Optimizing Health with Cronometer

Table of Contents

Optimizing Health with Cronometer

DISCLAIMER - I'm not a health expert, this is the result of a specific project that I did and should not be taken as a plan or as expert advice. Please don't hurt yourself!

Abstract

I take a data-driven approach to my health and find that it's a pretty straightforward task. I write an exhaustive post of all the things I've read/done in order to create a resource designed to demystify health, diet, and fitness. The goal is to demonstrate that managing your health is surprisingly quantifiable, predictable, and easy.

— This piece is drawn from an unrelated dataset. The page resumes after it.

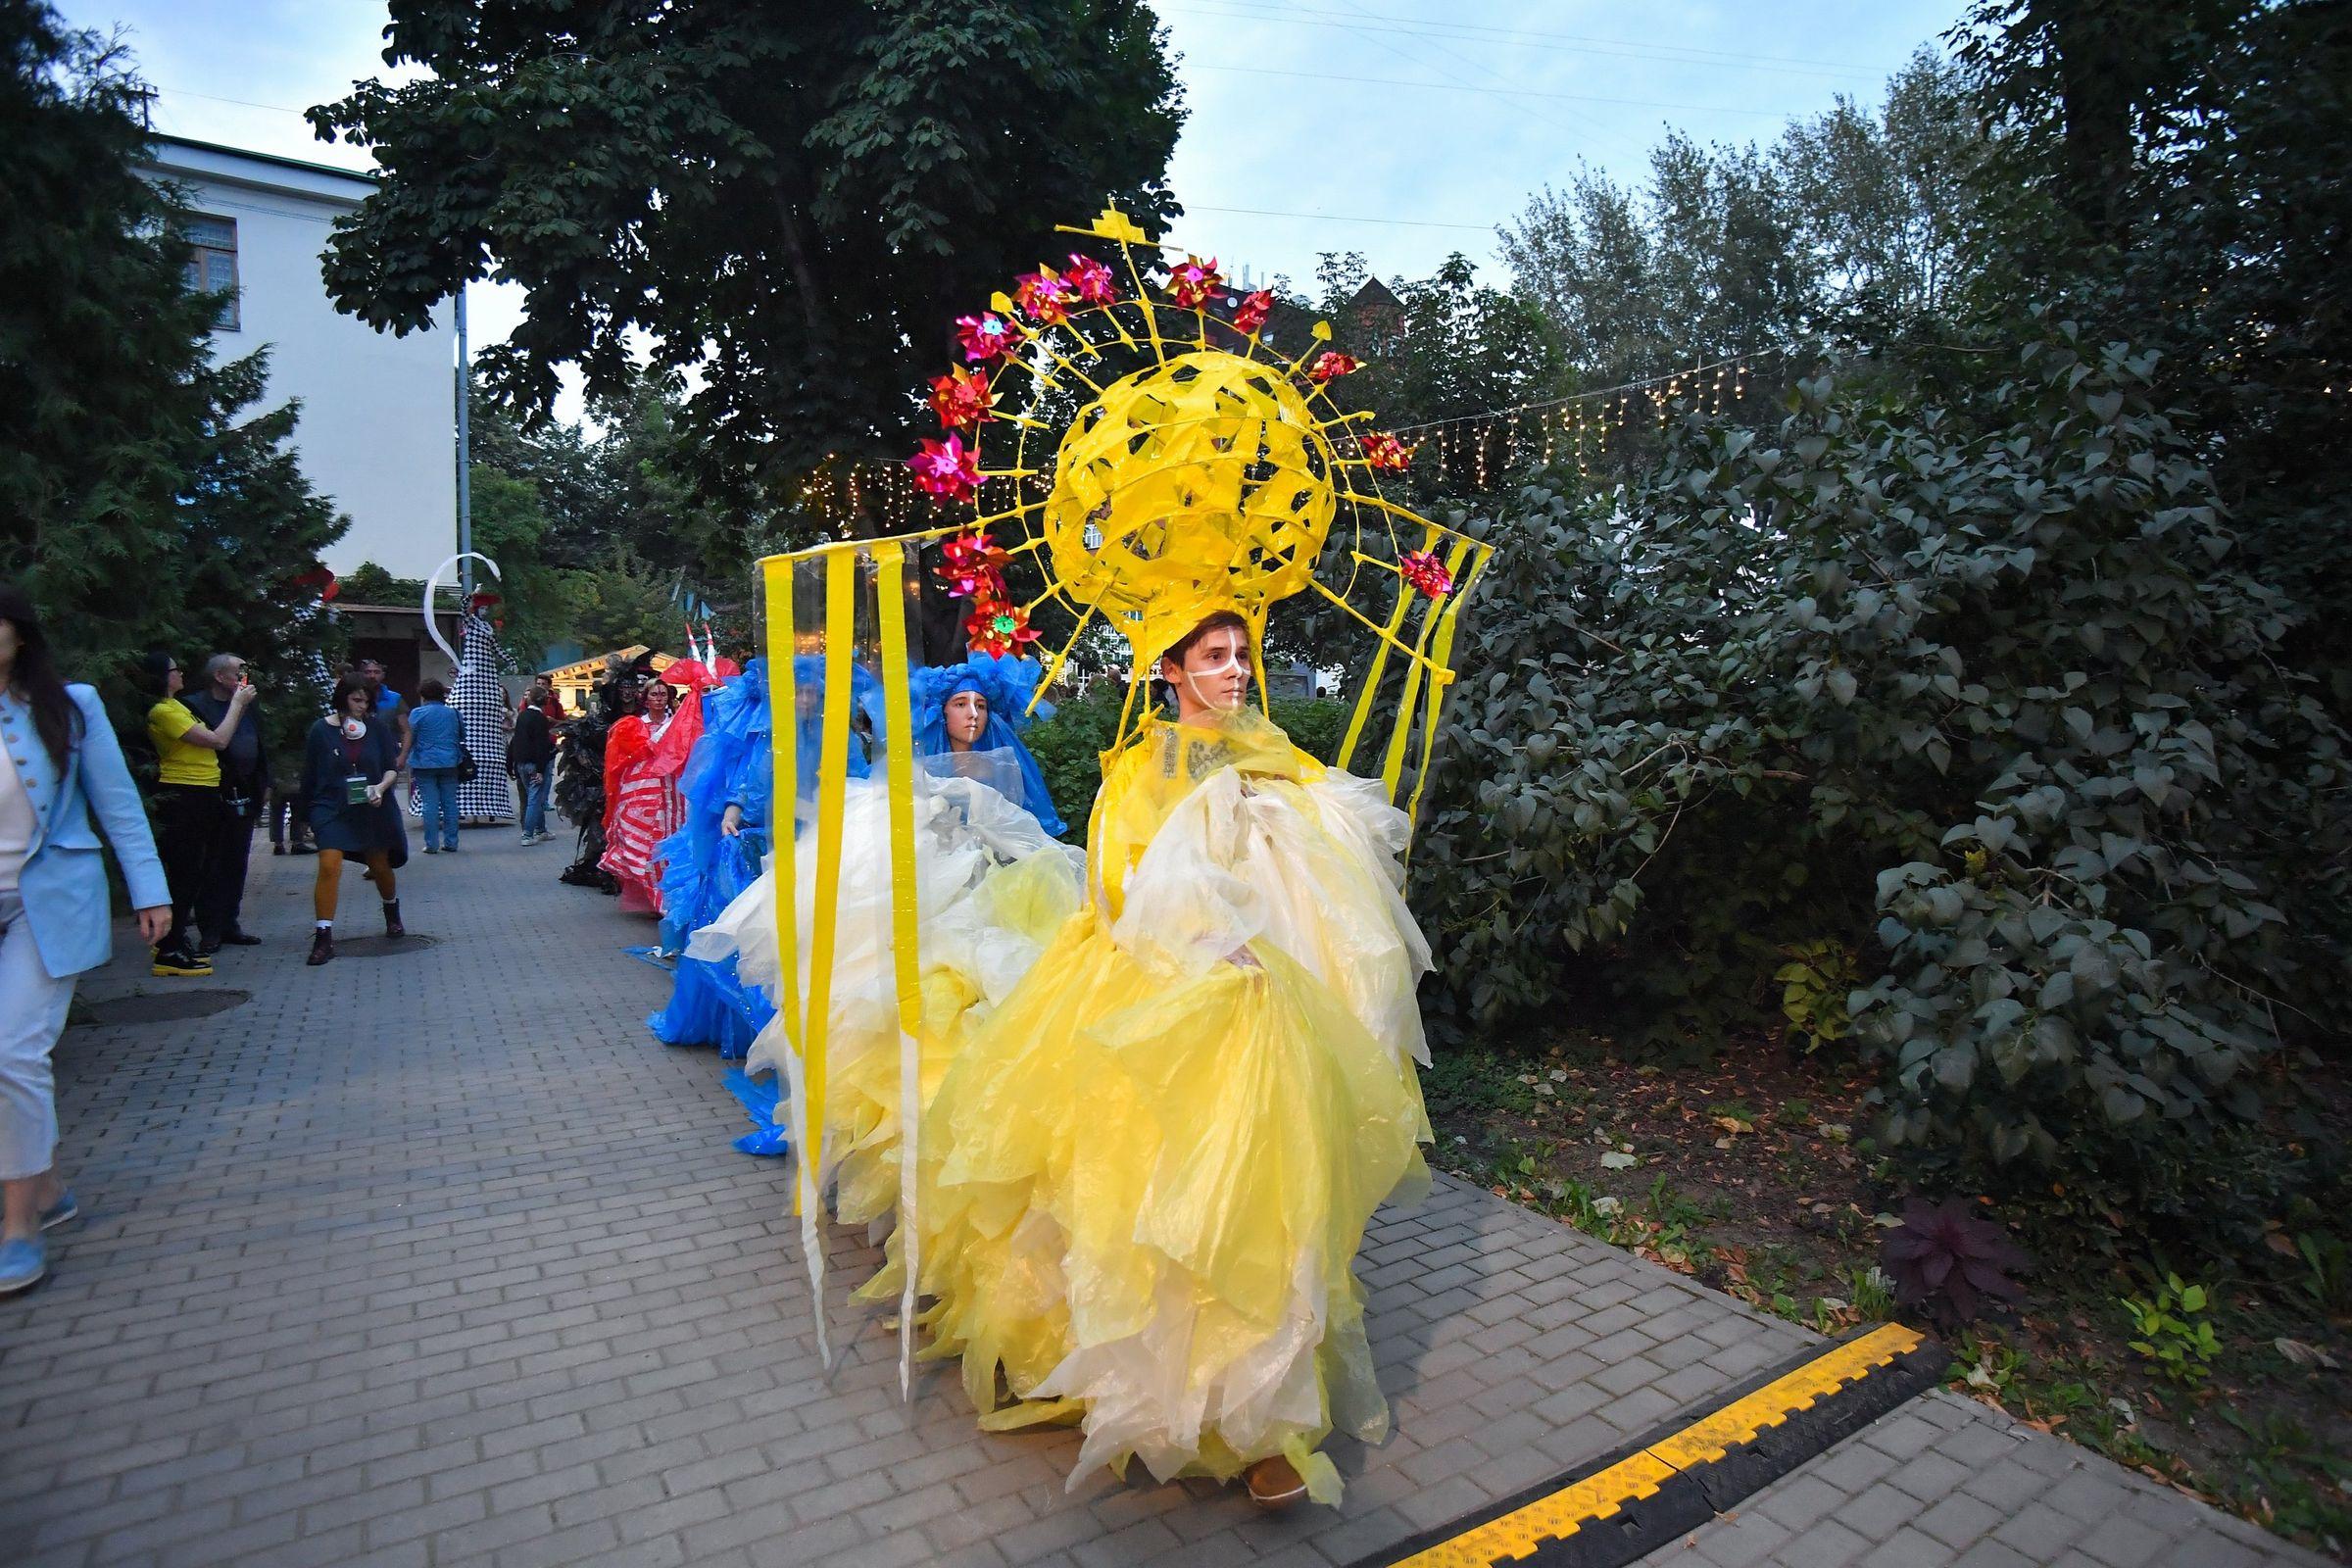 "<p>Фестиваль ""Все в сад!"". Фото © Агентство ""Москва"" / Сергей Киселев</p>"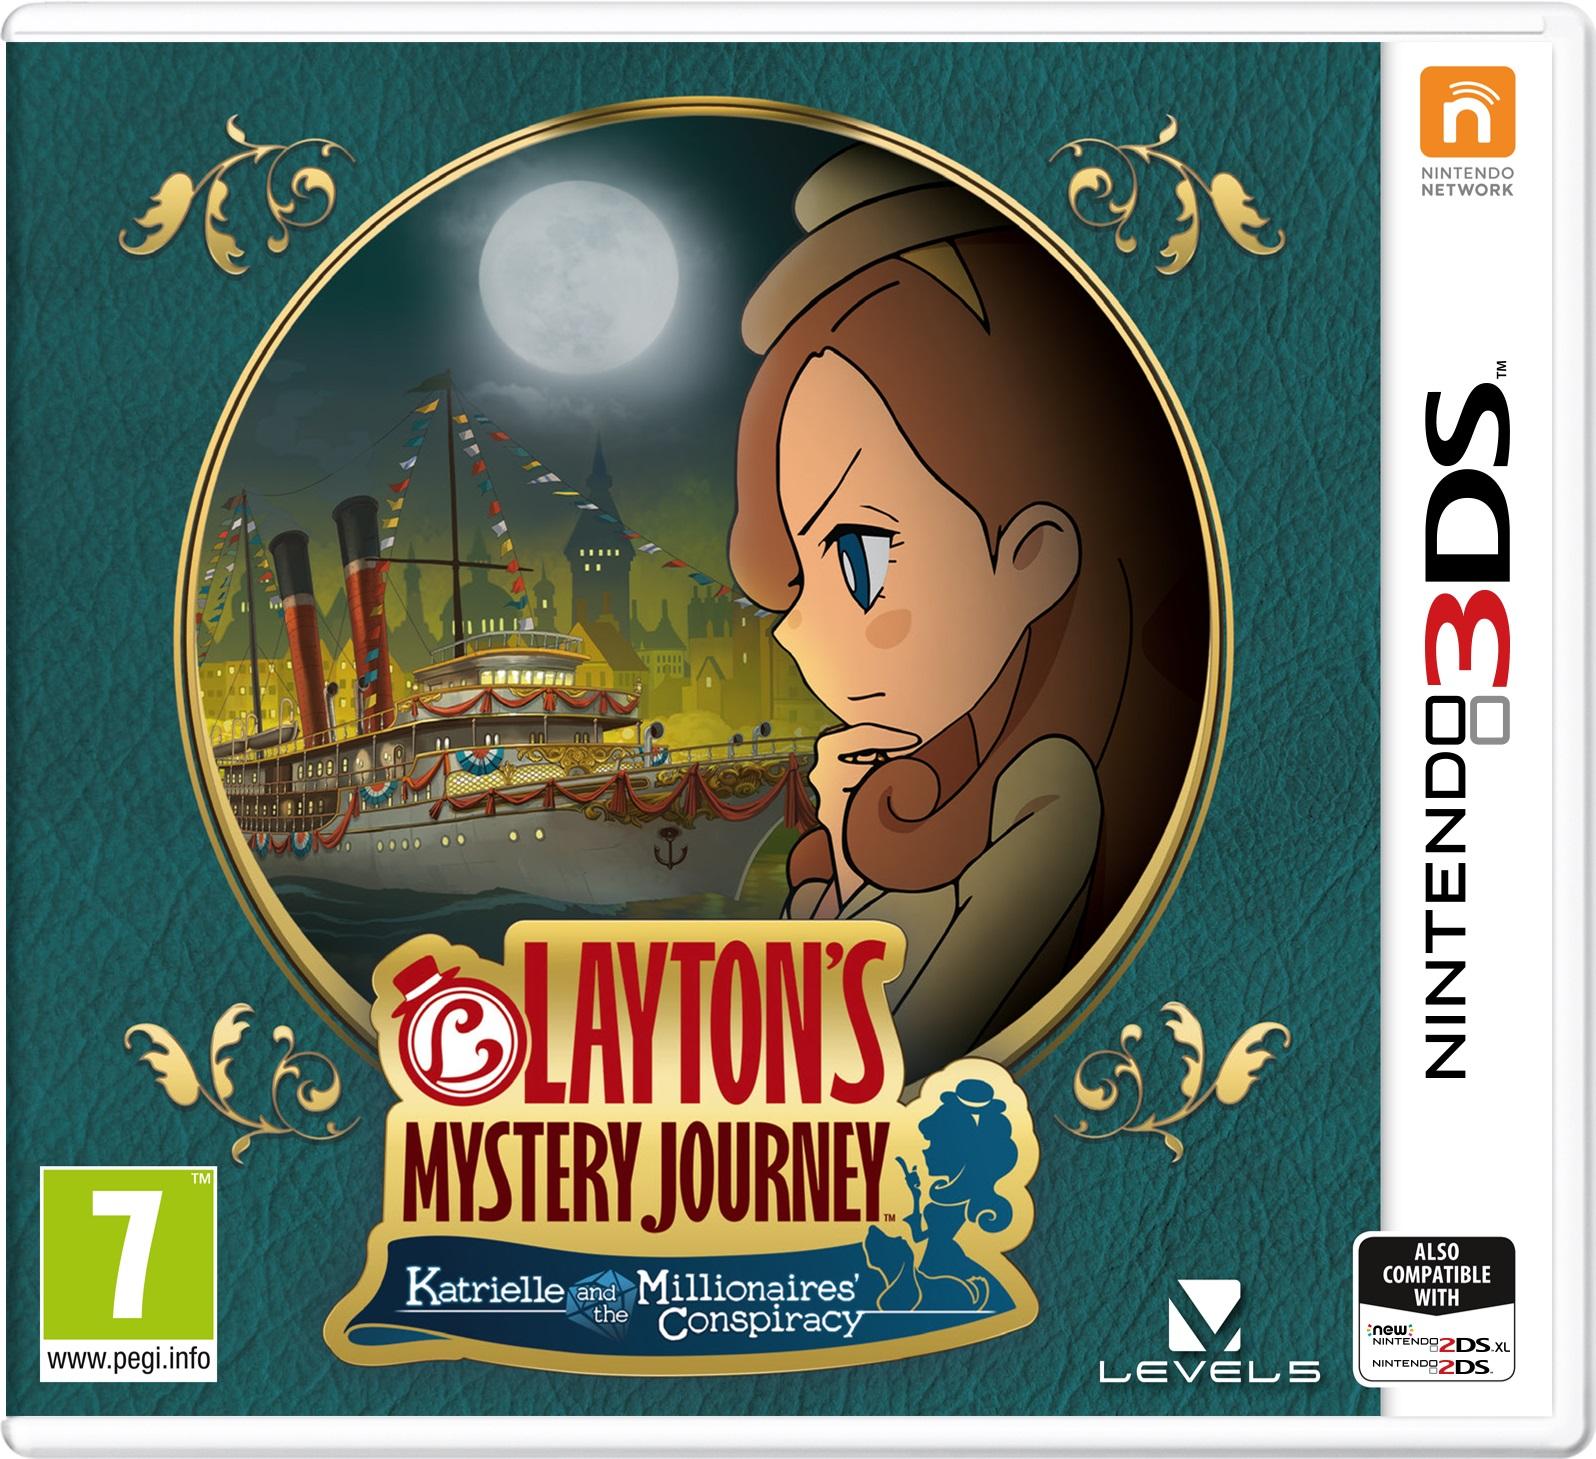 Layton's Mystery Journey Boxart.jpg

This document is very long (>5000 words), and a lot of it is not necessary to read. This is more like a big folder of my health notes, the basis for my decisions, my progress, and a rough tutorial. I've tried to structure it in a manner that makes it easier to read depending on your goals. If you're interested in how I approached weight management, you can read from "Intro" to "Some Concerns". If you're interested in how I approached getting fitter, you can read from "Aerobic Exercise and Resistance Training" until the end. If you're just interested in a data-driven, evidence-based approach to health, you can read the whole thing.

Intro

During my last year at University, I gained weight. I had recently come off of essentially solving a long-time sleeping problem (hooray for blood tests!) and wanted to take an extremely hard course schedule to make up for lost time. Swamped with work, I ended up skipping exercise and eating much more frequently, to the point where I ended up slowly making my way up from 145 lbs to 185 lbs.

Fast forward to a few weeks out from graduation, and I've become the heaviest I've ever been. Resolved to solve this thing I considered a problem, I did some reading (with google scholar searches). It's particularly difficult to find good science on human nutrition, since most of it seems to deal with fad diets and new products rather than simply finding the optimal path to weight loss.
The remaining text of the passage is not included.